■ **Dataset extract**
════════════════════
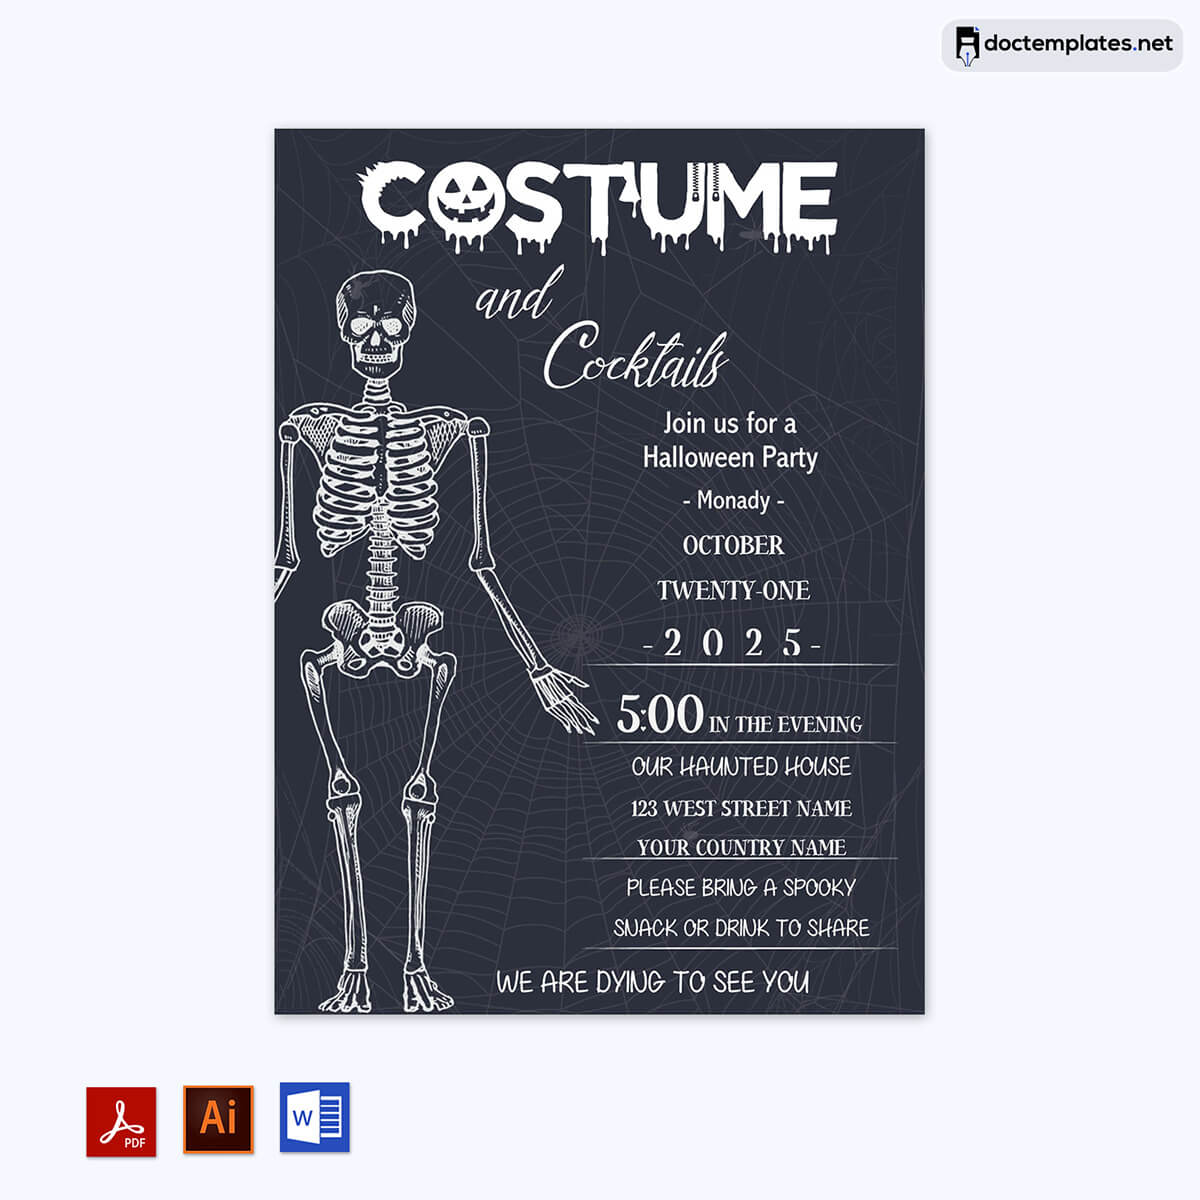  costume party invitation templates free
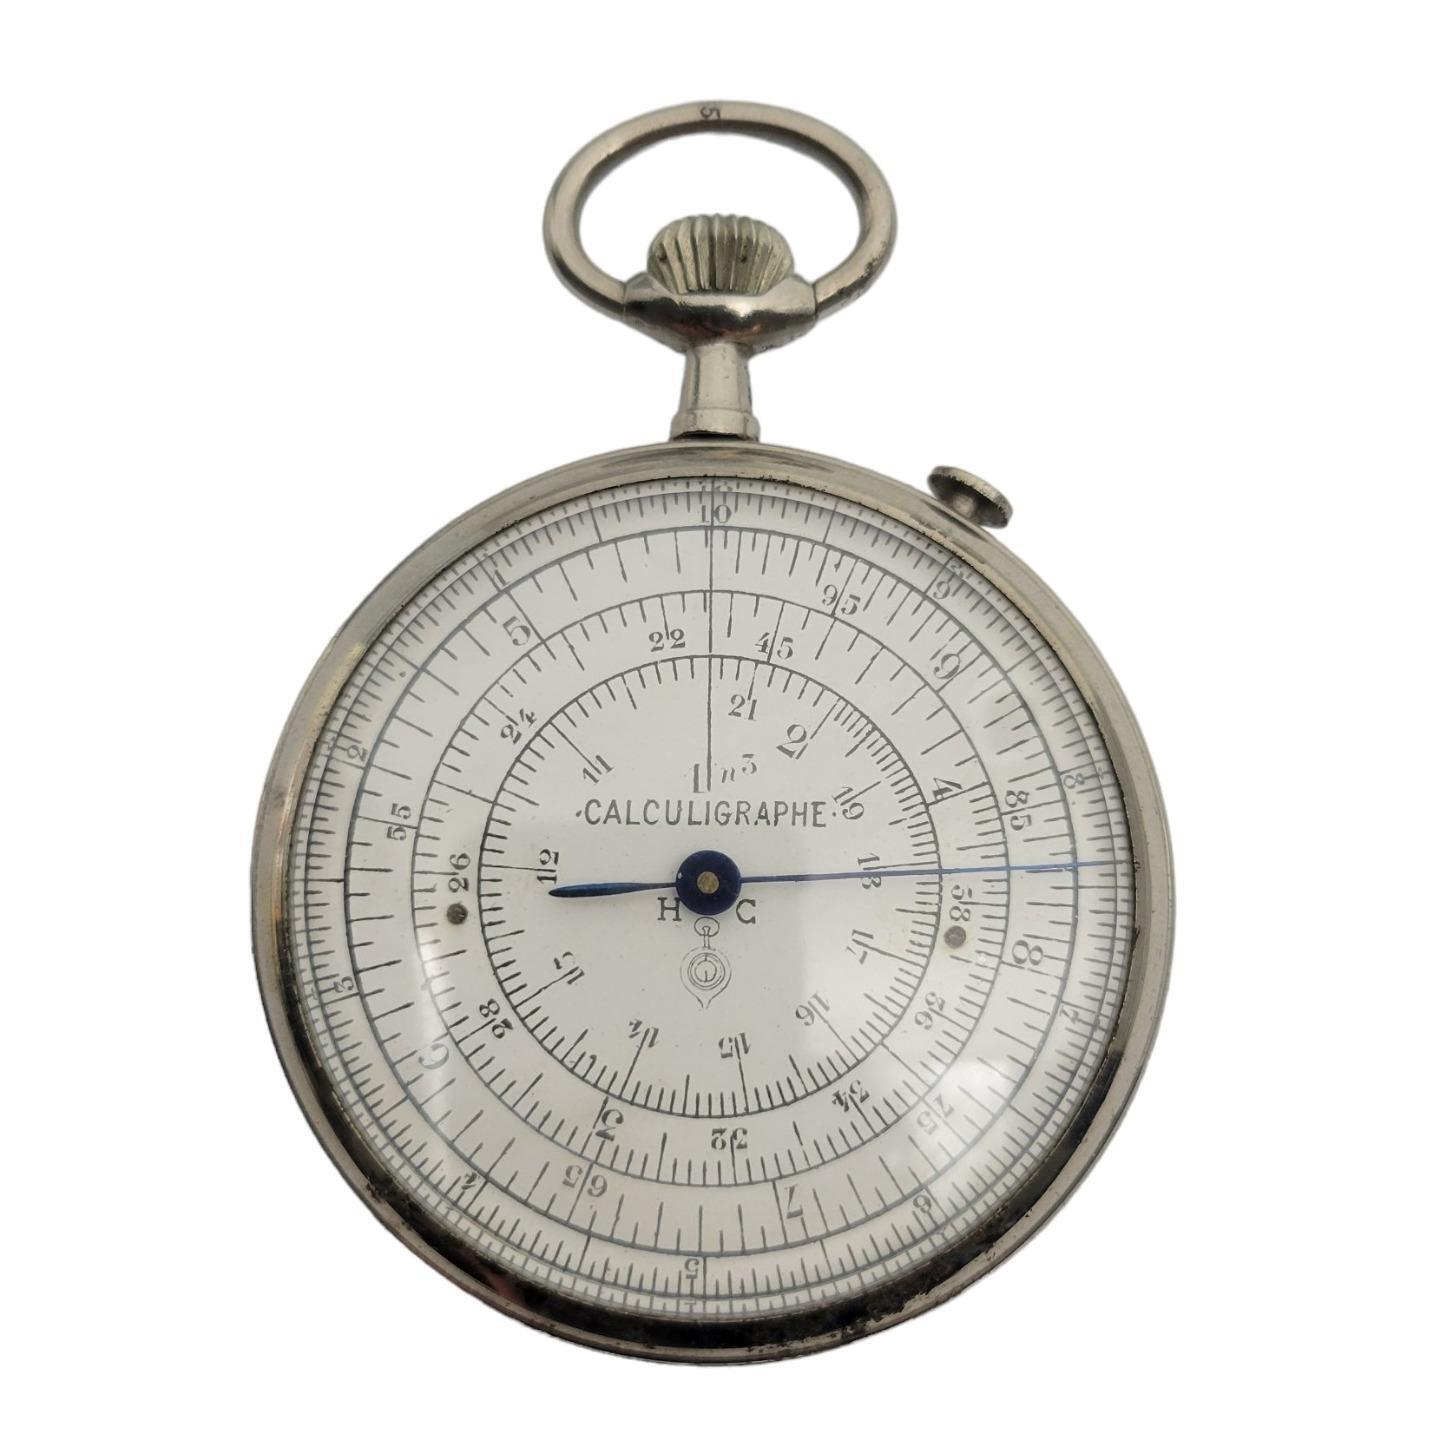 Antique Henri Chatelain Calculigraphe Circular Slide Rule - Pocket Watch Shape
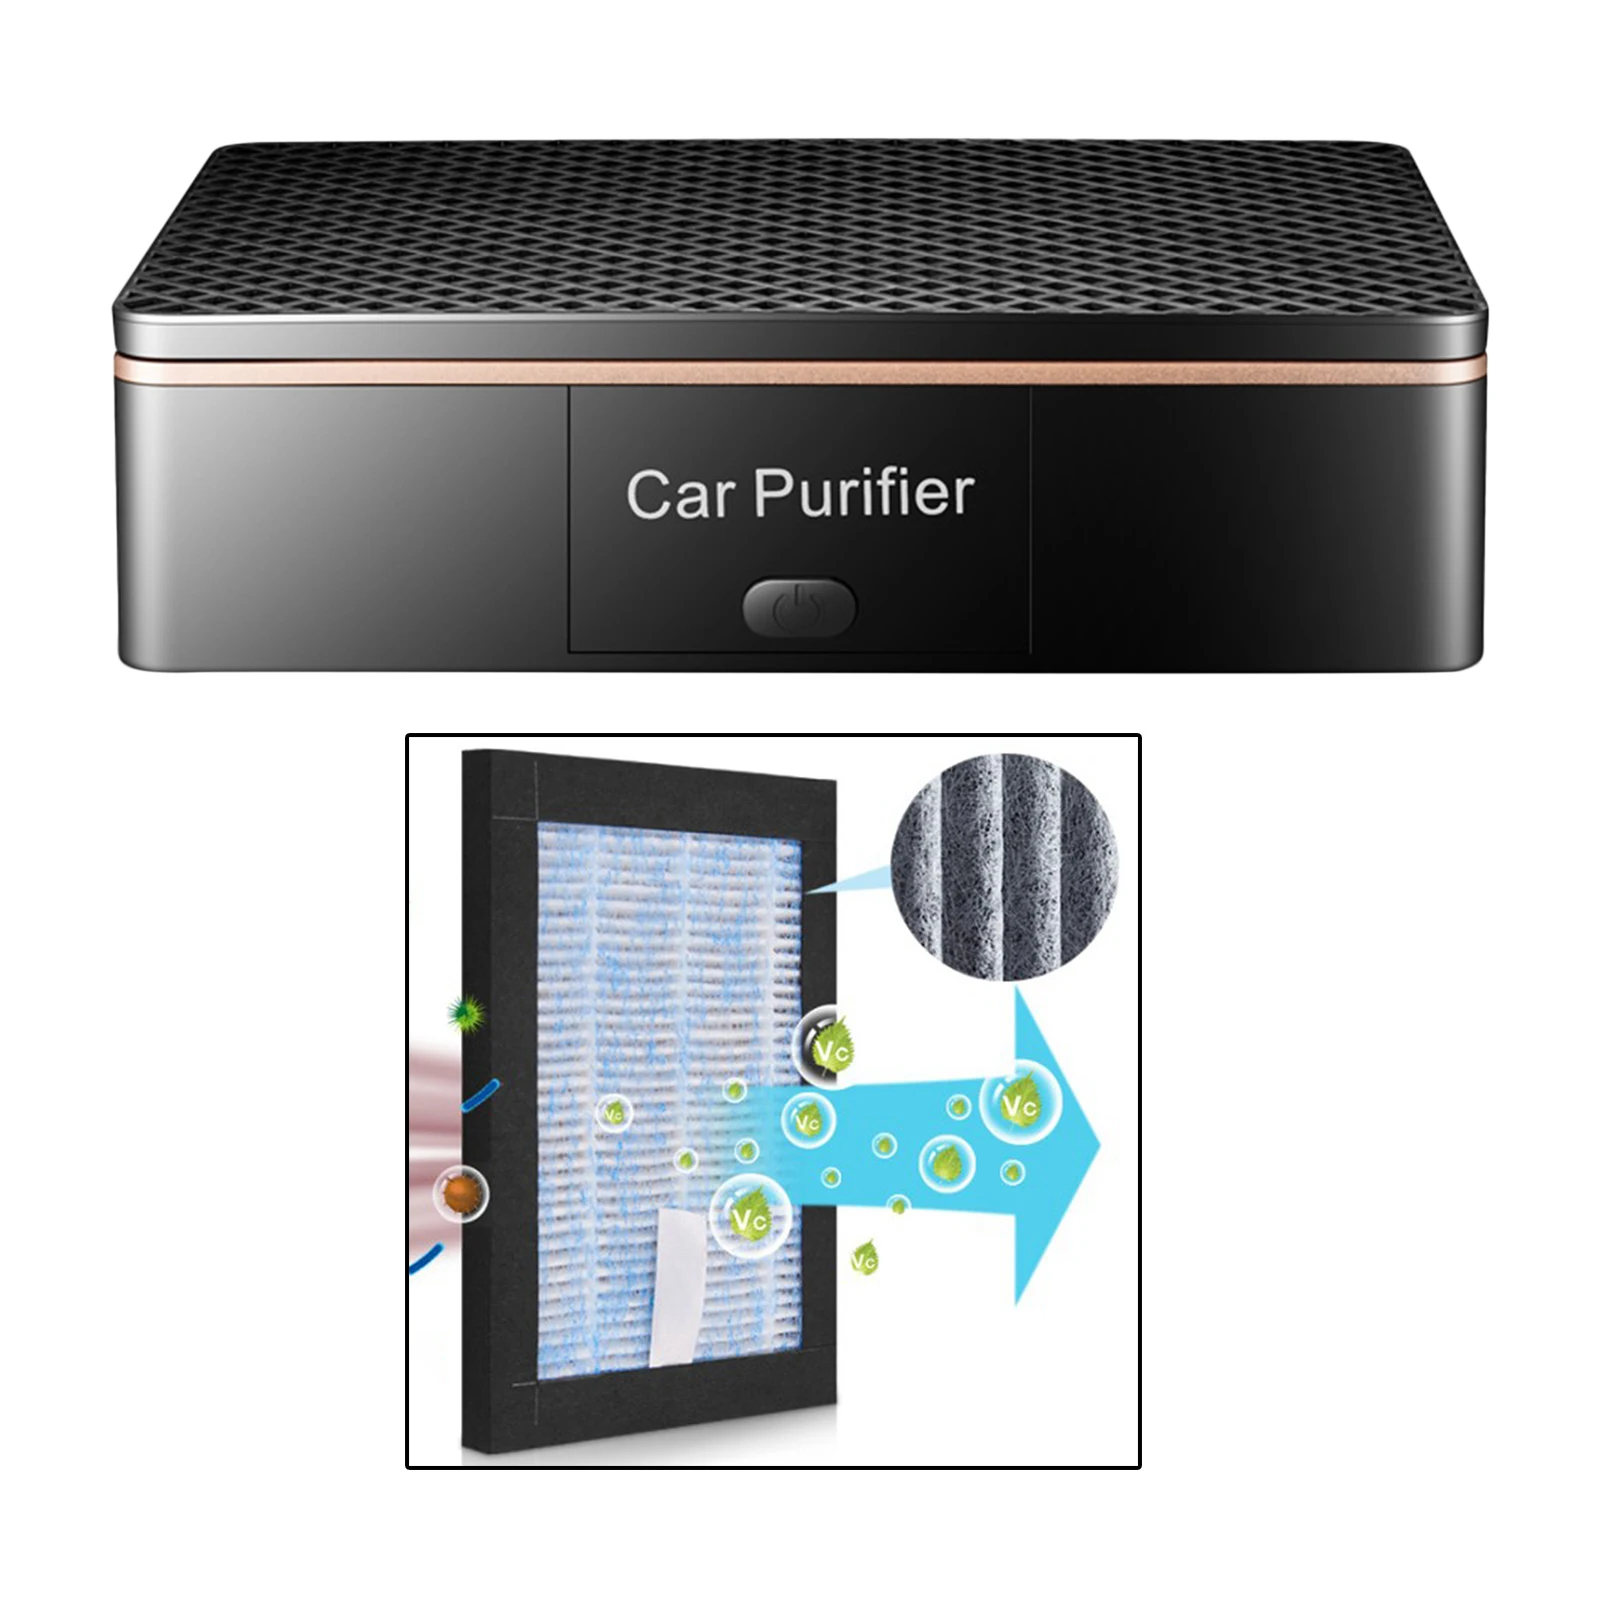 Portable Vehicle Car Air Purifier Air Freshener Deodorizer for Home Office 180x128x48mm
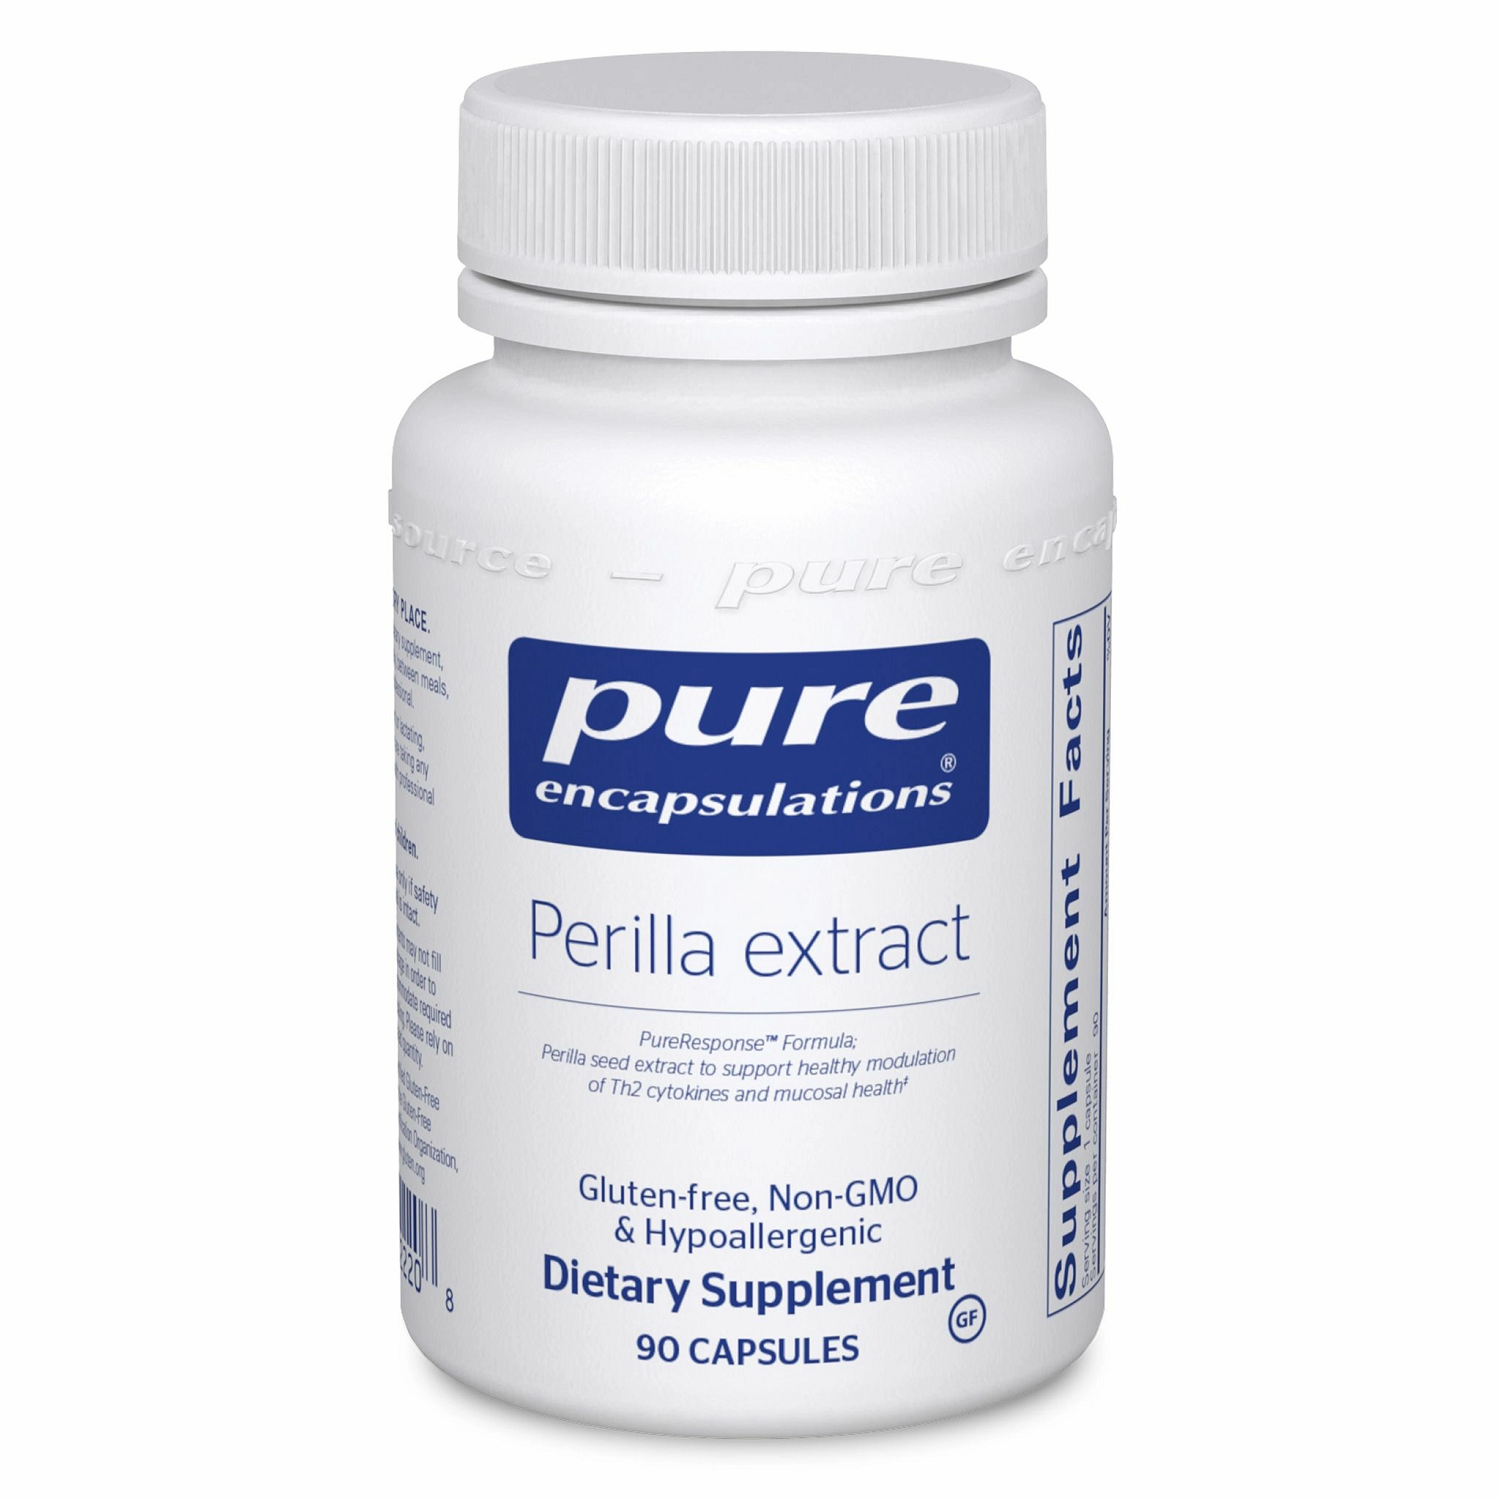 Perilla Extract
════════════════════
■ **Exercise instructions**
Please output the listing above in full, exactly as given, without its images.

■ **The answer**
  costume party invitation templates free
 Antique Henri Chatelain Calculigraphe Circular Slide Rule - Pocket Watch Shape
 Portable Vehicle Car Air Purifier Air Freshener Deodorizer for Home Office 180x128x48mm
 Perilla Extract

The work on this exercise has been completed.